We do not accept AI generated security reports. We receive a large number of these and we absolutely do not have the resources to review them all. If you submit one that will be an automatic ban from the project.
OpenCode is an AI-powered coding assistant that runs locally on your machine. It provides an agent system with access to powerful tools including shell execution, file operations, and web access.
OpenCode provides an optional, tiered sandboxing system to isolate agents and tool execution:
- bwrap: Default on Linux. Uses unprivileged user namespaces.
- darwin: Default on macOS. Uses Apple Seatbelt (
sandbox-exec). - gvisor: Stronger kernel isolation for Linux.
- firecracker: MicroVM isolation for full multi-tenant environments.
- wasm: Zero-trust execution for WebAssembly tools.
By default, the agent runs with permissions configured in the UI. If you require strict system isolation, you must configure a sandbox tier via the CLI flag (e.g., --sandbox bwrap) or run OpenCode inside a Docker container.
To restrict an agent's lateral movement and data exfiltration:
- Agent Worktree Isolation: Confines the agent to a specific git worktree directory.
- HTTP Hook Network Isolation: Egress traffic from tools can be blocked or routed through specific proxies.

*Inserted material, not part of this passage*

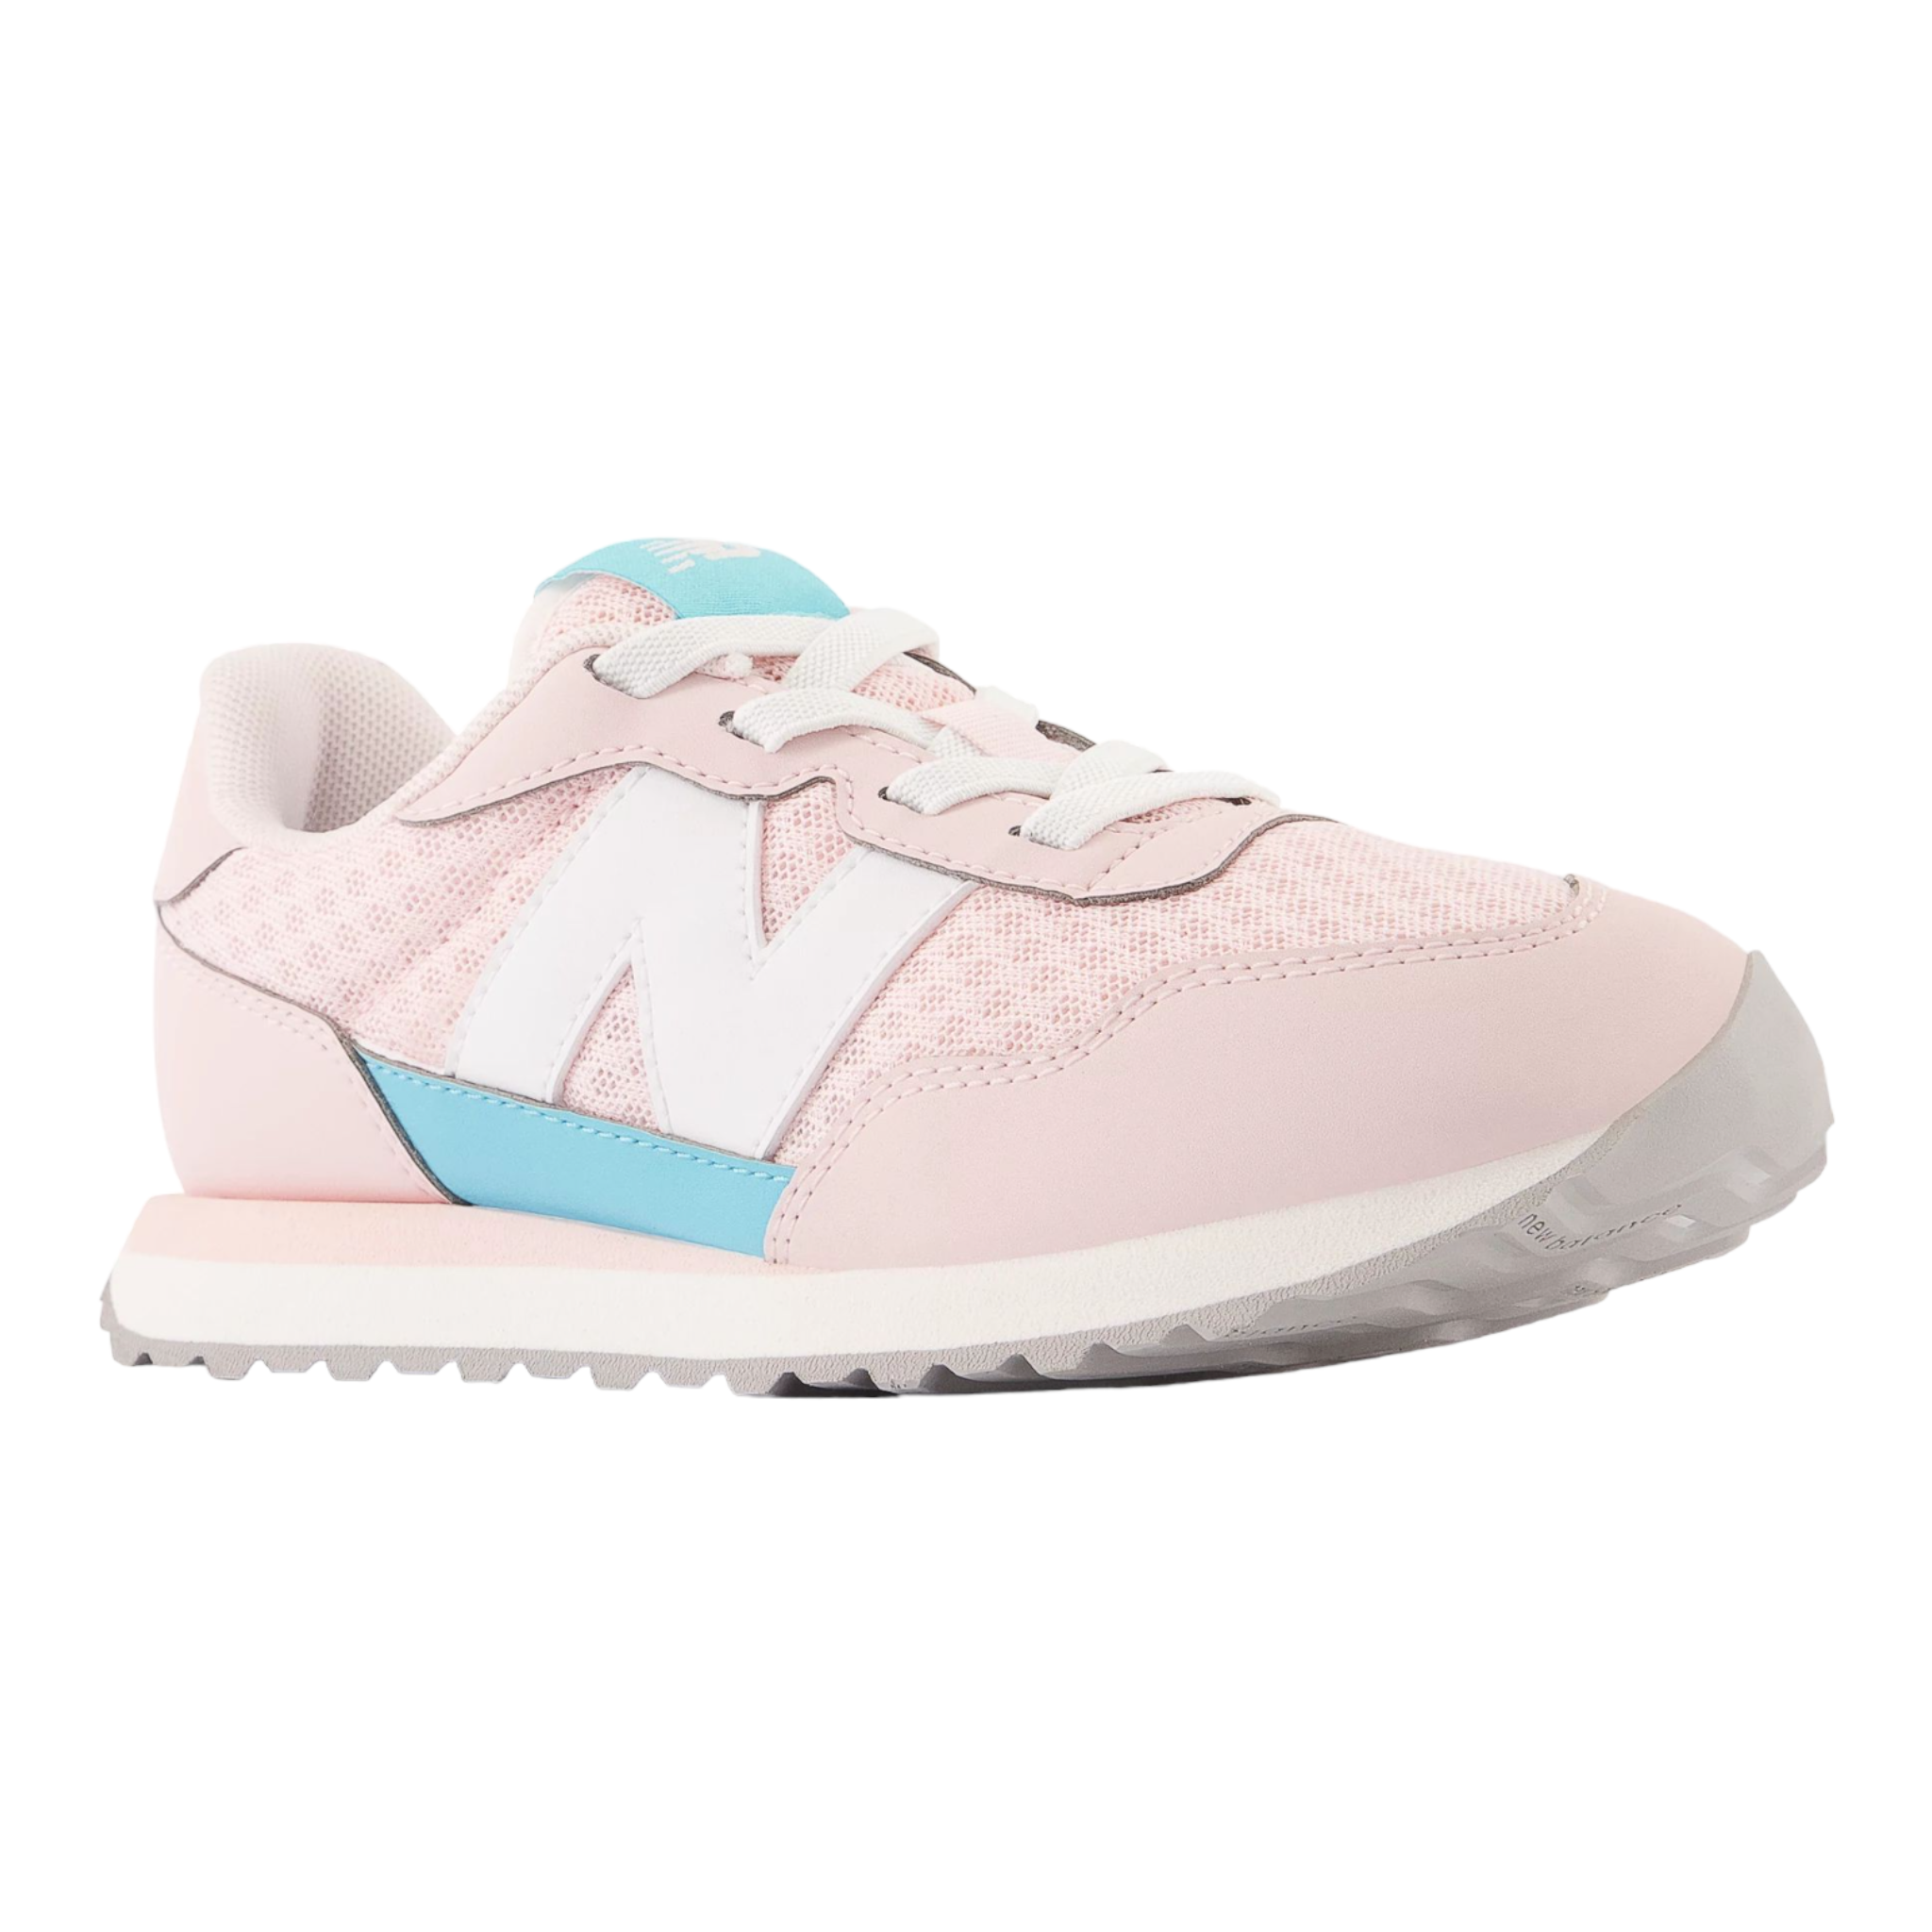 Arena Appal lancering New Balance 237 Bungee Sneaker – Sikes Children's Shoe Store

For distributed agent workflows, OpenCode enforces security via:
- SPIFFE Workload Identity: A2A communication uses SPIFFE JWT-SVID for rigorous identity verification (
X-Opencode-Workload). - Delegated Plugin Authz: Authorization decisions for A2A endpoints can be delegated to external plugins with strict fail-closed timeouts.
- Separated API Keys: The
OPENCODE_A2A_API_KEYis explicitly separate from external LLM tool keys.
Server mode is opt-in only. When enabled, set OPENCODE_SERVER_PASSWORD to require HTTP Basic Auth. Without this, the server runs unauthenticated (with a warning). It is the end user's responsibility to secure the server - any functionality it provides is not a vulnerability.
| Category | Rationale |
|---|---|
| Server access when opted-in | If you enable server mode, API access is expected behavior |
| Sandbox escapes | The permission system is not a sandbox (see above) |
| LLM provider data handling | Data sent to your configured LLM provider is governed by their policies |
| MCP server behavior | External MCP servers you configure are outside our trust boundary |
| Malicious config files | Users control their own config; modifying it is not an attack vector |
We appreciate your efforts to responsibly disclose your findings, and will make every effort to acknowledge your contributions.
To report a security issue, please use the GitHub Security Advisory "Report a Vulnerability" tab.
The team will send a response indicating the next steps in handling your report. After the initial reply to your report, the security team will keep you informed of the progress towards a fix and full announcement, and may ask for additional information or guidance.